When it came to issues impacting recruiting in that same survey, 71% of respondents agreed that being able to work remotely would make them more likely to choose one employer over another when they go for their next job. . 81% said having the remote work option would make them better able to handle work-life conflicts, and the same percentage said it would make them more likely to recommend their organization to a friend.

The August 2021 PwC study mentioned earlier surveyed more than 750 executives and 1,000 employees in the healthcare sector. When employees were asked which incentives were most attractive to them, time flexibility was at the top of the list with 38% of respondents ranking it in the top three (linked to extended benefits).

Fourth on the list of 10 was position flexibility. When the managers were asked how their organization differed from the current and expected labor market, the flexibility of the position and the flexibility of the hours were assessed respectively n. 3 and n. 4, also very high. Interestingly (and appropriately, I would say) the executives evaluated corporate purpose and values ​​and corporate leadership and culture as the two main ways they differ with potential and current employees.

According to the Deloitte Center for Health Solutions, before the pandemic began, only 9% of employees said their employers were introducing new ways of working. Today, 78% reported that their employers had already implemented new ways of working or were planning to do so. As the the authors of the report point out, leaders are learning that virtual work “is not about replicating in-person work online, but rather about harnessing new technology to rethink work, teams and culture.”

We are in the midst of an upheaval and there are signs that we need to throw away some of our old ways of thinking about recruiting and retaining the right people.

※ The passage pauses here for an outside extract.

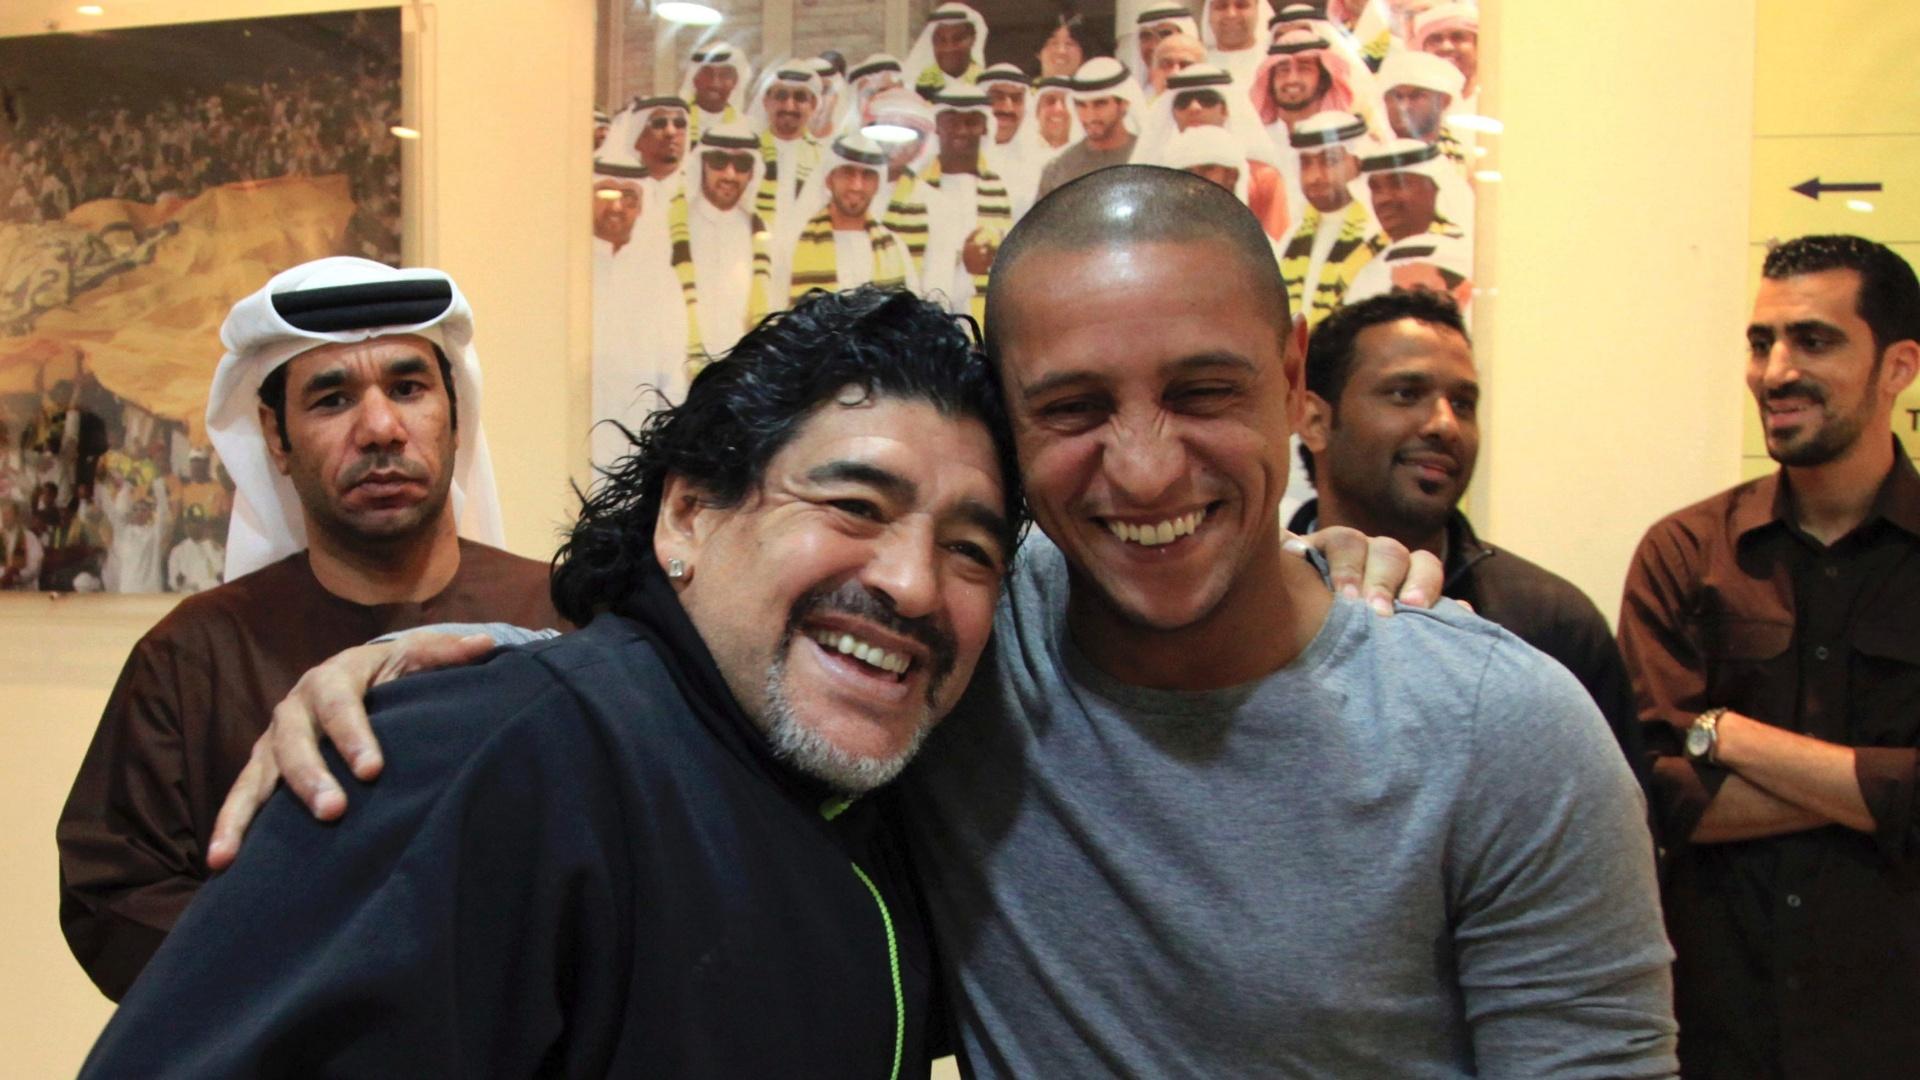 Diego Armando Maradona e Roberto Carlos, en Dubai, nos Emirados Árabes Unidos (19/01/2012)
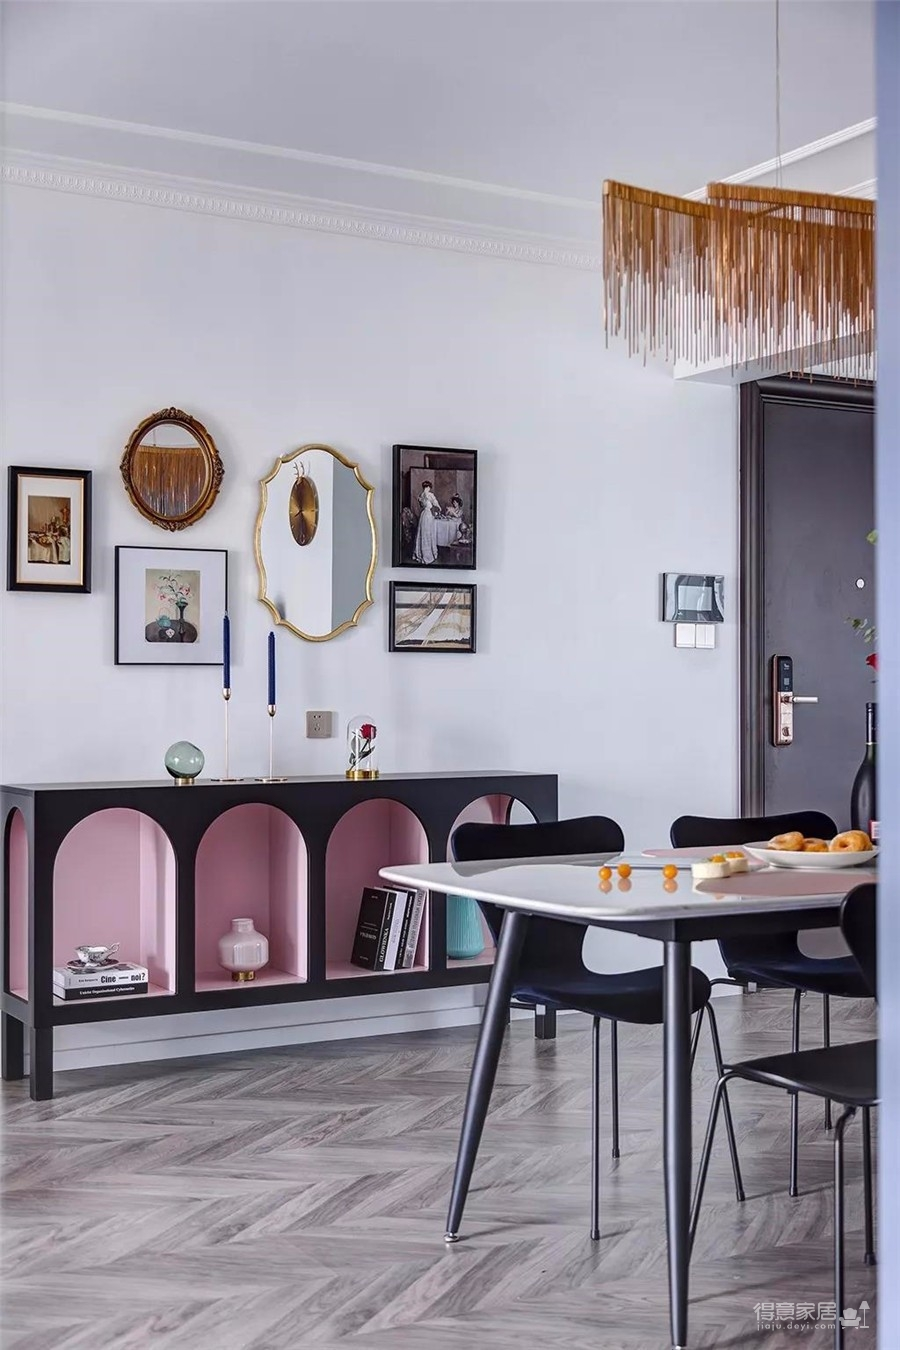 设计上去繁从简,注重功能性。整体以灰蓝色为主色,宁静柔和,选择了形体硬朗、款式新颖的家具,具有独特艺术特点的软装饰品,从细节中体会质感生活带来的舒心温暖。

In the next article in this series, I will continue to delve into this topic by examining how the home health care sector could provide a model for creating a thriving location-independent workforce.

Sam Hanna is a resident executive at American University. Previous roles include consulting practice leader, chief strategy and innovation officer, and digital strategist at global consulting firms such as PwC and Deloitte. He holds a PhD in Translational Health Sciences from George Washington University and an MBA in Entrepreneurship from Babson College.